I wish to better understand the difference between lazy and eager learning. I am having difficulty conceptualising what the "abstraction" refers to between the two.

According to the text book I am reading it says, "The distinction between easy learners and lazy learners is based on when the algorithm abstracts from the data."

A lazy learner delays abstracting from the data until it is asked to make a prediction while an eager learner abstracts away from the data during training and uses this abstraction to make predictions rather than directly compare queries with instances in the dataset.

I understand that KNN algorithm loads all the data into memory so depending on the size of the dataset, the computing requirements could be enormous as well as the fact it's a non-parametric algorithm so there is no training to find parameters, the classification is done on a per query requirement??

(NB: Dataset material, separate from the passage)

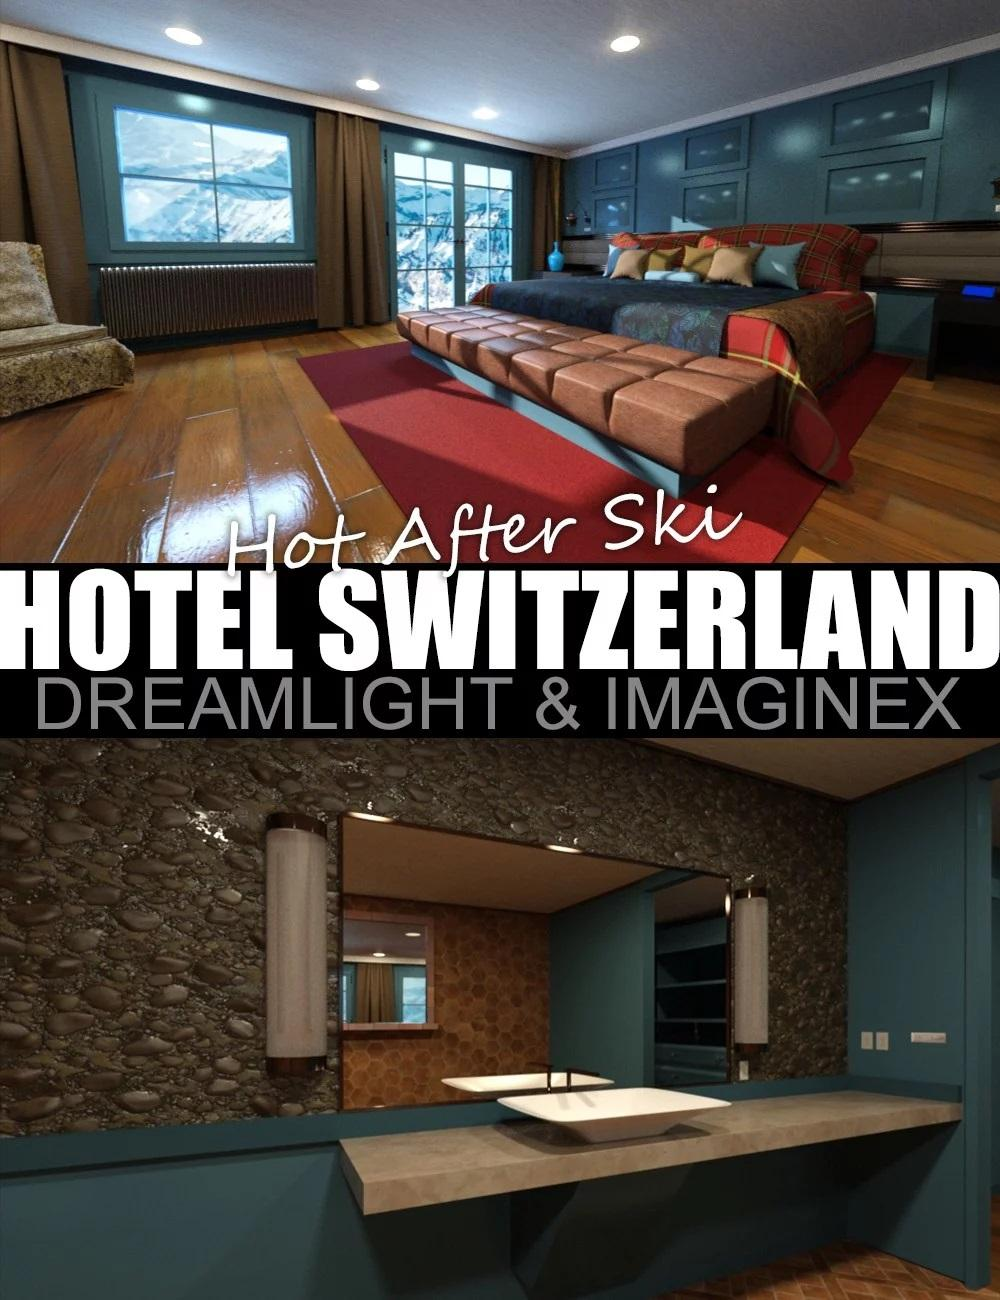 Hotel Switzerland - Hot After Ski

  • $\begingroup$ Pretty much, but don't forget that $k$ is a hyperparameter you can optimize. $\endgroup$
    – Emre
    May 18, 2017 at 6:07

1 Answer 1


Lazy learner:

  1. Just store Data set without learning from it

  2. Start classifying data when it receive Test data

  3. So it takes less time learning and more time classifying data

Eager learner:

  1. When it receive data set it starts classifying (learning)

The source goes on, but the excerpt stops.